I’ve been watching the numbers. Interesting how it went from about 5000 cases a day for a few days.. then 10 000… then suddenly it jumped to 20 000 every 24 hrs.
UK is currently sitting on 5 018 cases. Yesterday the country went into lockdown. Everyone who can, is now working from home. Schools are closed. People are panic buying. There is a lot of anxiety.
I’m not feeling panicky or anxious, but the seriousness of it is really starting to sink in. We’ve basically been in isolation for two weeks.
Working from home with Russ while looking after Lily has its ups and downs. It is incredible to be spending more time together as a family and not just rushing about as we go on with daily schedules and commitments. Thankfully the weather has started to heat up so we’re not just getting cabin fever inside all day.
I couldn’t be more grateful that we are in this house through a lockdown. We have space for all of us, a great garden to enjoy, and a park just across the road where I can take Lily and the dogs for daily walks without needing to ever get in my car. Also fortunate to be in the UK during this time where they place value on mental health needs (allowing us a daily hour of exercise), as well as the convenience and safety of online grocery shopping.
The downside is trying to work while Russ is on the phone ALL DAY LONG, walking round and round and up and down and inside and outside. Sometimes I’ve just managed to get Lily into an activity so I can take 20 minutes to focus on my work, only for Russ to walk in -> Lily to then want daddy attention, and Russ clicks his fingers at me to take her as he’s on an important call. And of course the times when she comes to grab my hand saying ‘come play with me mommy’ How do you say no to that?
As an introvert and someone who enjoys being at home, I was initially really excited at the prospect of working from home but it’s a bit different trying to work while needing to entertain a young child. My focus is constantly shifting now which isn’t the ideal environment for writing content. Our content at the moment is also largely based around mental health which needs a clear and calm head to convey the right points.
Really starting to question this whole epidemic. The numbers don’t add up. Is it really neccessary to ruin millions of lives for something that is fundamentally a flu variant?
While we try to entertain a toddler at home all day with no friends, the idea of a sibling for Lily is becoming increasingly attractive! 2 kids play with each other right 😉
Been in isolation for almost 2 months now. I have been furloughed from work which is a bit of relief so I can spend more time with Lily as opposed to trying to get her to watch TV most of the day. Husband still doesn’t know where the dishwasher is. Coronavirus cases have just passed 2 million. USA still leading with 614 000 cases with UK in 6 position with 93 873 after Germany with 132 000.

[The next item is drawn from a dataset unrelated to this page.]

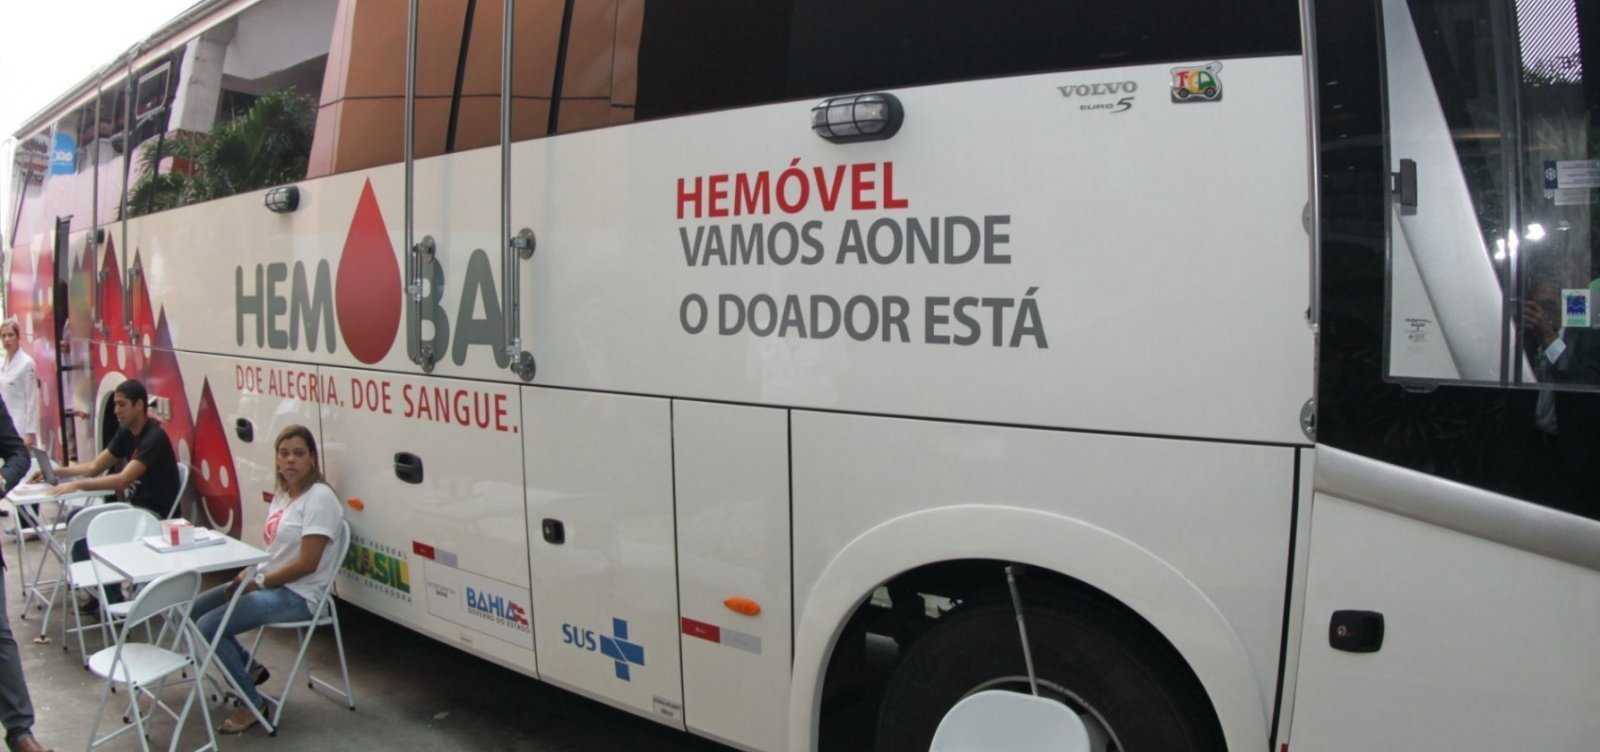 Hemóvel realiza coleta de sangue em Salvador e Feira de Santana nesta semana

I just got an extension of my furlough and have just discovered we are expecting baby #2! So much for having fun trying, it just takes us one shot haha. I mean honestly. how lucky can someone get? but amidst all the suffering going on it’s hard to really appreciate all this good fortune. but I will!

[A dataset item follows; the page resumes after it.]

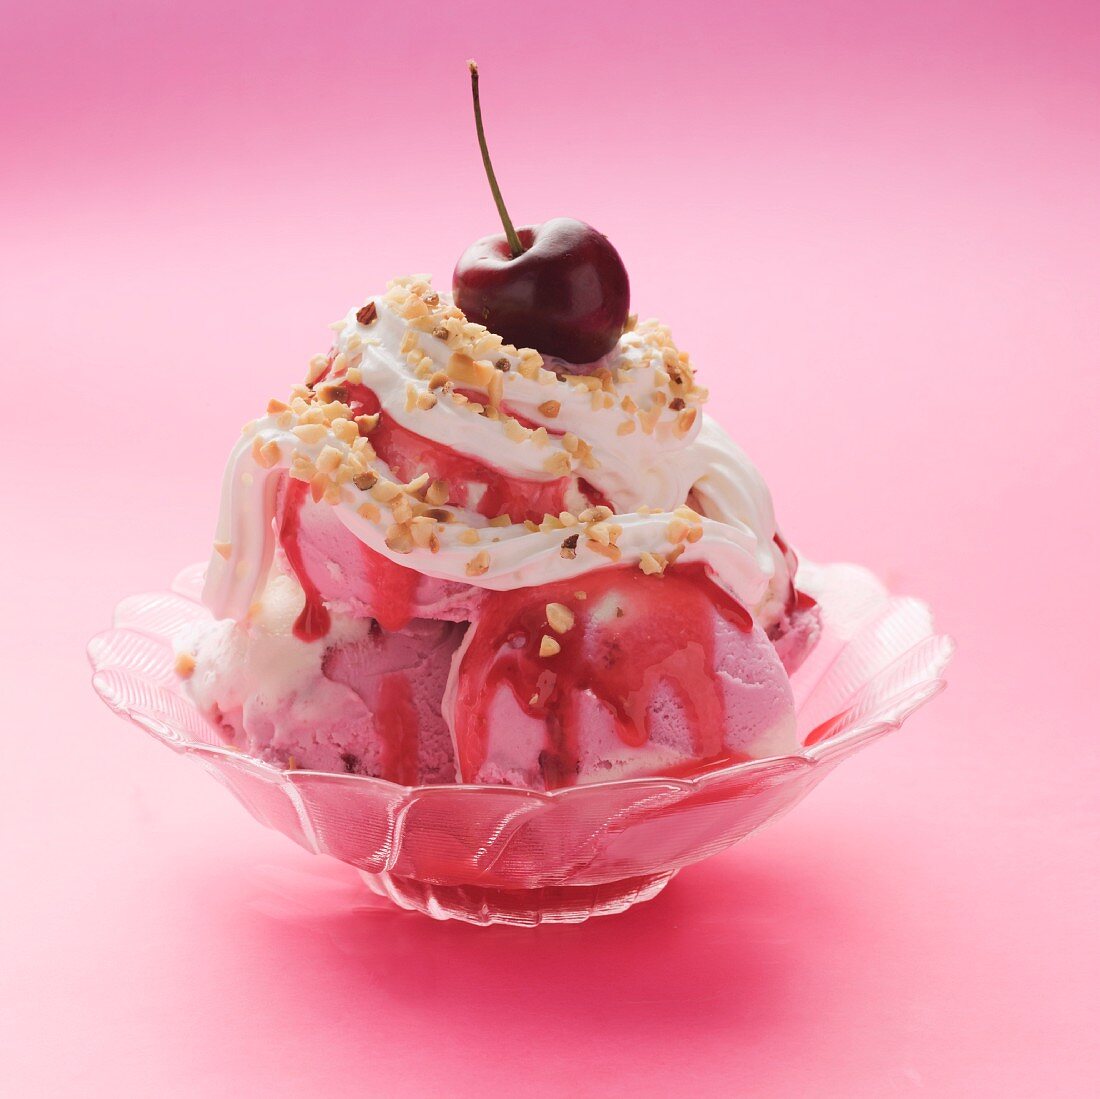 Himbeer-Vanille-Eiskugeln mit Sahne & Himbeersauce

For some reason we have decided a bigger house in the country will be more ideal! so next week we are moving to a giant farmhouse on the outskirts of Henley on Thames.
I was hospitalised this week with severe Hyperemesis. I begged Russ not to send me to hospital to die! but after 2 months of vomiting, losing over 10kgs and not being able to keep food or liquids down and being too weak to get up or out of bed, he called an ambulance and the paramedics are adamant I need to go with them. I usually enjoy hospitals, but being admitted to hospital during a worldwide pandemic is terrifying. News reports of people dying alone, without even being able to see or say goodbye to their family members.

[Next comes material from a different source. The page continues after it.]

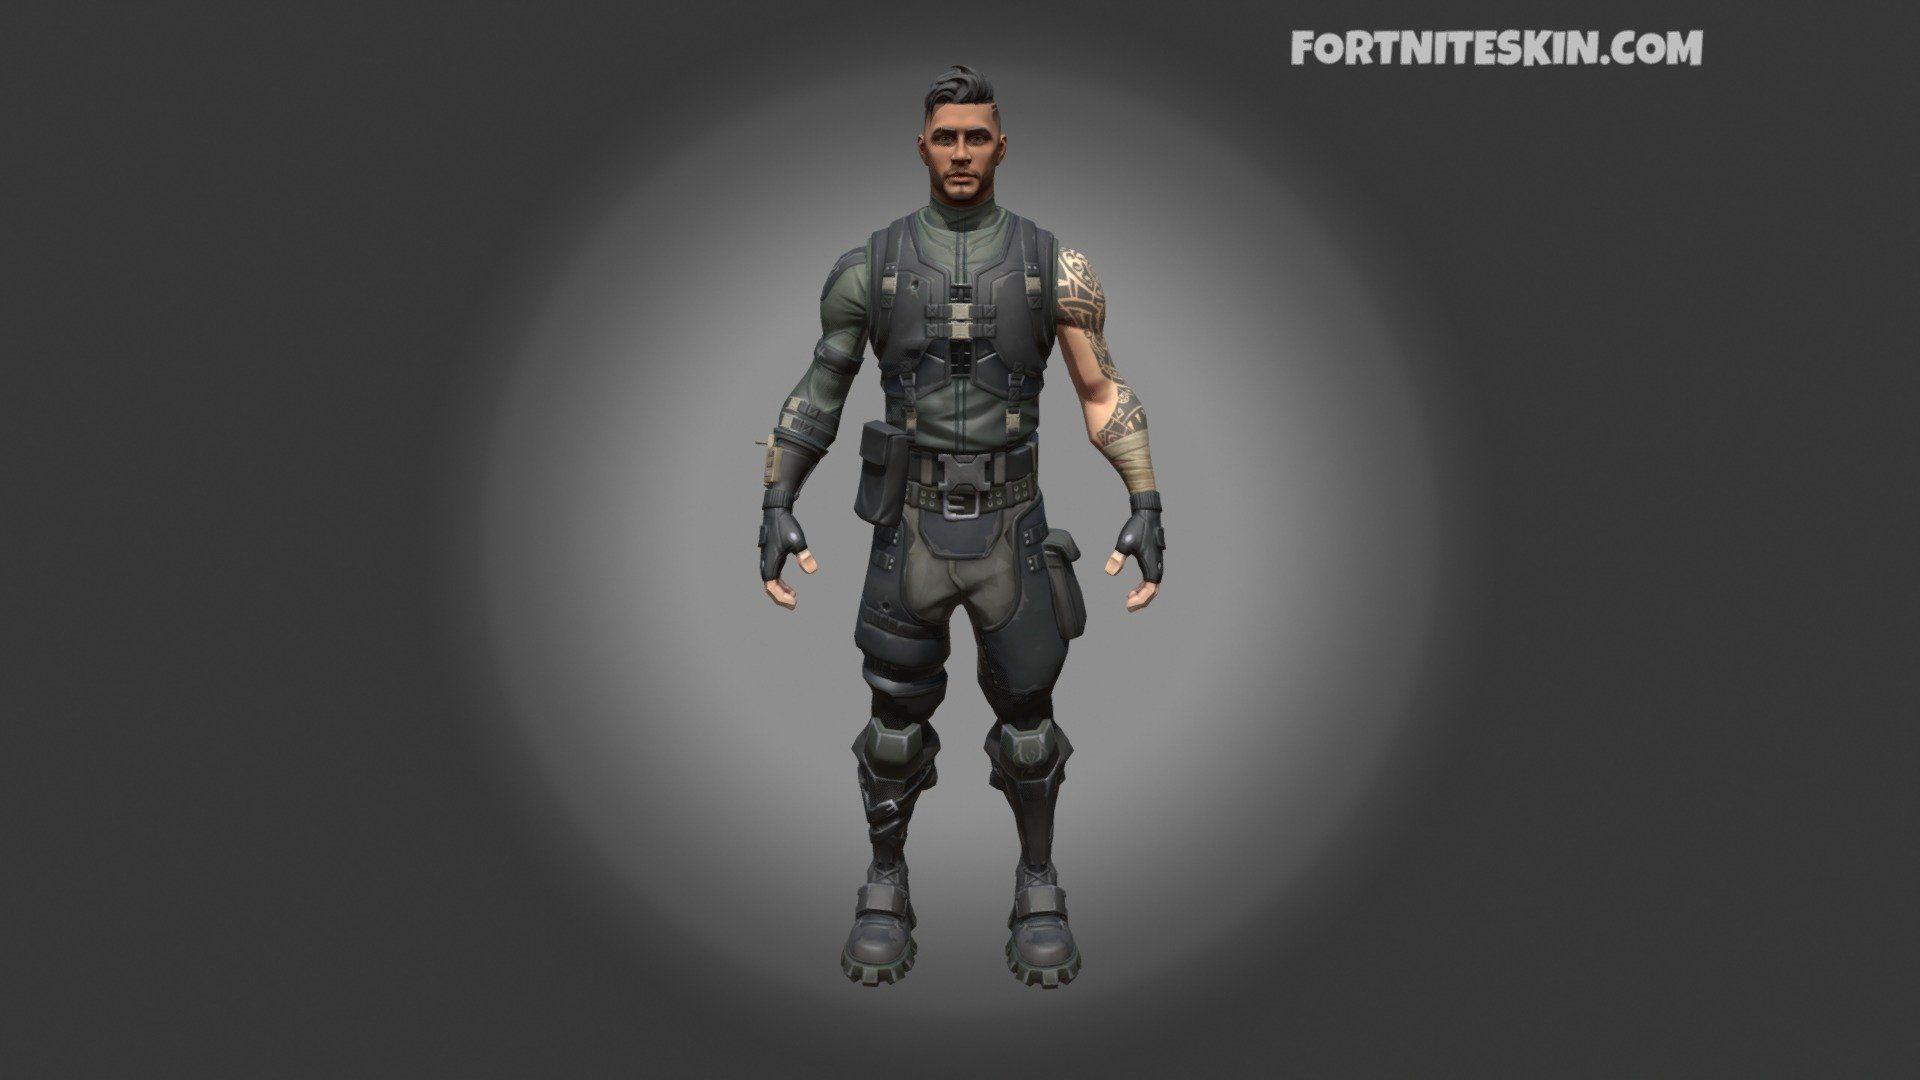 FORTNITE Outfit Squad Leader model by FortniteSkin.com

The coronavirus situation is starting to ease up. Everything is slowly opening up and going back to a fairly normal lifestyle. Whilst I love our new environment, surrounded by fields and sheep, what I didn’t consider is how lonely it would feel out here. I think it would have been different if I was still going into the office everyday. I am now working from home, Russ is working in the office in London, and Lily is attending daycare during my work hours. Soooo… Im kinda walking around this big house by myself with absolute silence (I often work best in silence) and it is starting to feel like The Shining.